J Chem Phys. 2014 Jun 14;140(22):224112. doi: 10.1063/1.4881144.
Our recently developed QQR-type integral screening is introduced in our Cholesky-decomposed pseudo-densities Møller-Plesset perturbation theory of second order (CDD-MP2) method. We use the resolution-of-the-identity (RI) approximation in combination with efficient integral transformations employing sparse matrix multiplications. The RI-CDD-MP2 method shows an asymptotic cubic scaling behavior with system size and a small prefactor that results in an early crossover to conventional methods for both small and large basis sets. We also explore the use of local fitting approximations which allow to further reduce the scaling behavior for very large systems. The reliability of our method is demonstrated on test sets for interaction and reaction energies of medium sized systems and on a diverse selection from our own benchmark set for total energies of larger systems. Timings on DNA systems show that fast calculations for systems with more than 500 atoms are feasible using a single processor core. Parallelization extends the range of accessible system sizes on one computing node with multiple cores to more than 1000 atoms in a double-zeta basis and more than 500 atoms in a triple-zeta basis.

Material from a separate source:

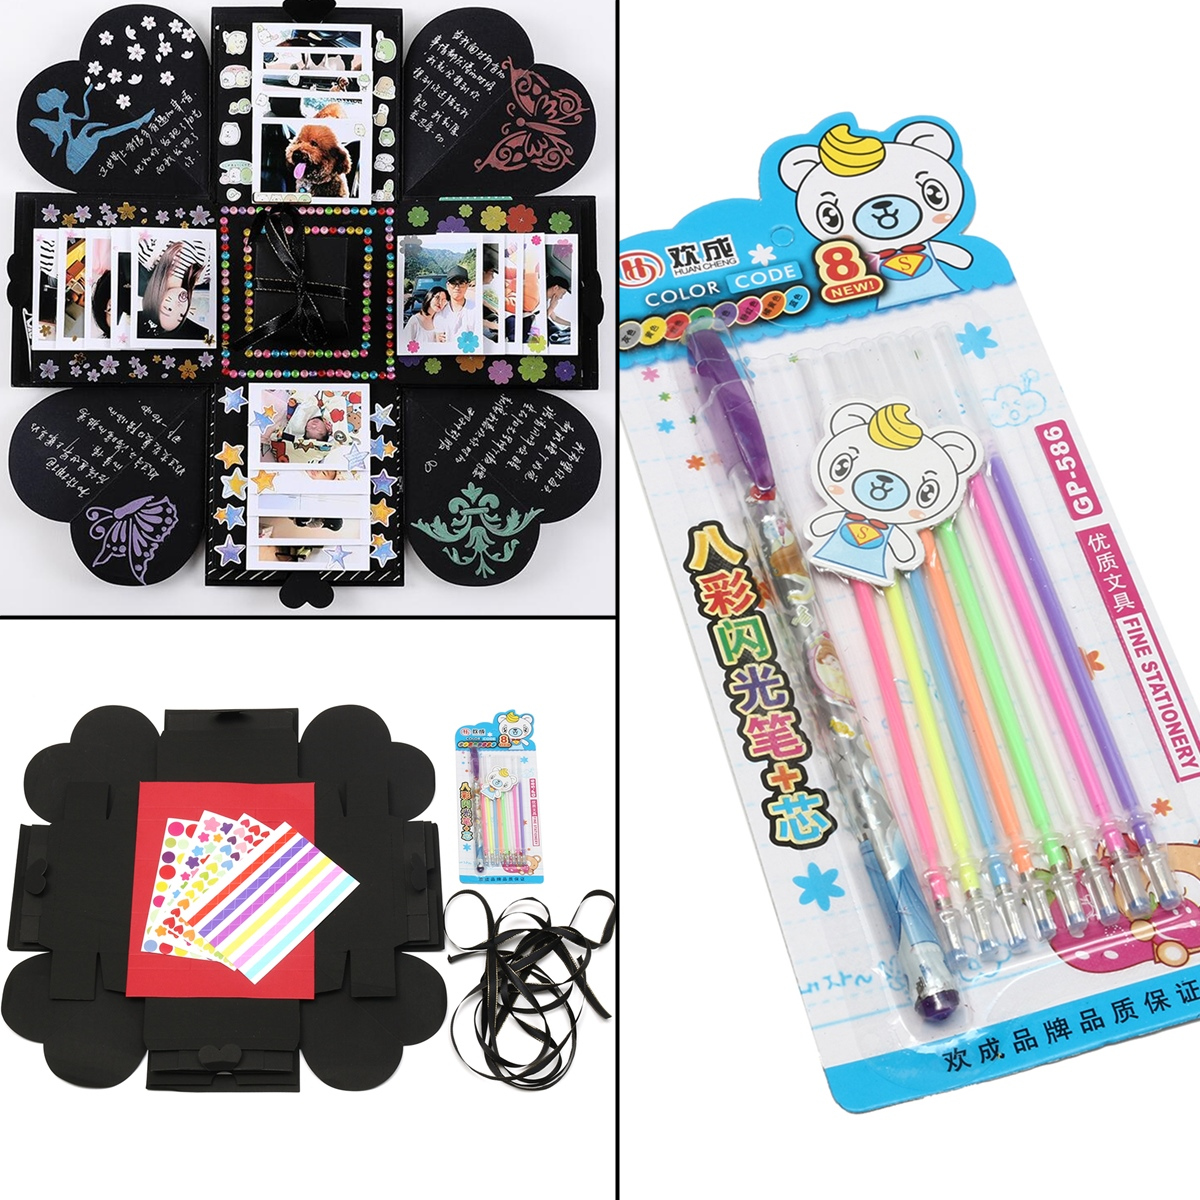 Creative-DIY-Manual-Explosion-Box-Memory-Scrapbook-Photo-Album-Craft-Kits-Gifts-1310904-4

我们最近开发的QQR型积分筛选方法被引入到我们的二阶Møller-Plesset微扰理论的Cholesky分解伪密度(CDD-MP2)方法中。我们将单位分解(RI)近似与采用稀疏矩阵乘法的高效积分变换相结合。RI-CDD-MP2方法显示出随着系统规模呈渐近立方缩放行为,且前置因子较小,这导致在小基组和大基组情况下都能较早地过渡到传统方法。我们还探索了局部拟合近似的使用,这使得对于非常大的系统可以进一步降低缩放行为。我们的方法的可靠性在中等规模系统的相互作用和反应能量测试集上以及在我们自己的大系统总能量基准集中的各种选择上得到了证明。对DNA系统的计时表明,使用单个处理器核心对具有500多个原子的系统进行快速计算是可行的。并行化将具有多个核心的一个计算节点上可访问的系统规模范围扩展到双ζ基下超过1000个原子和三ζ基下超过500个原子。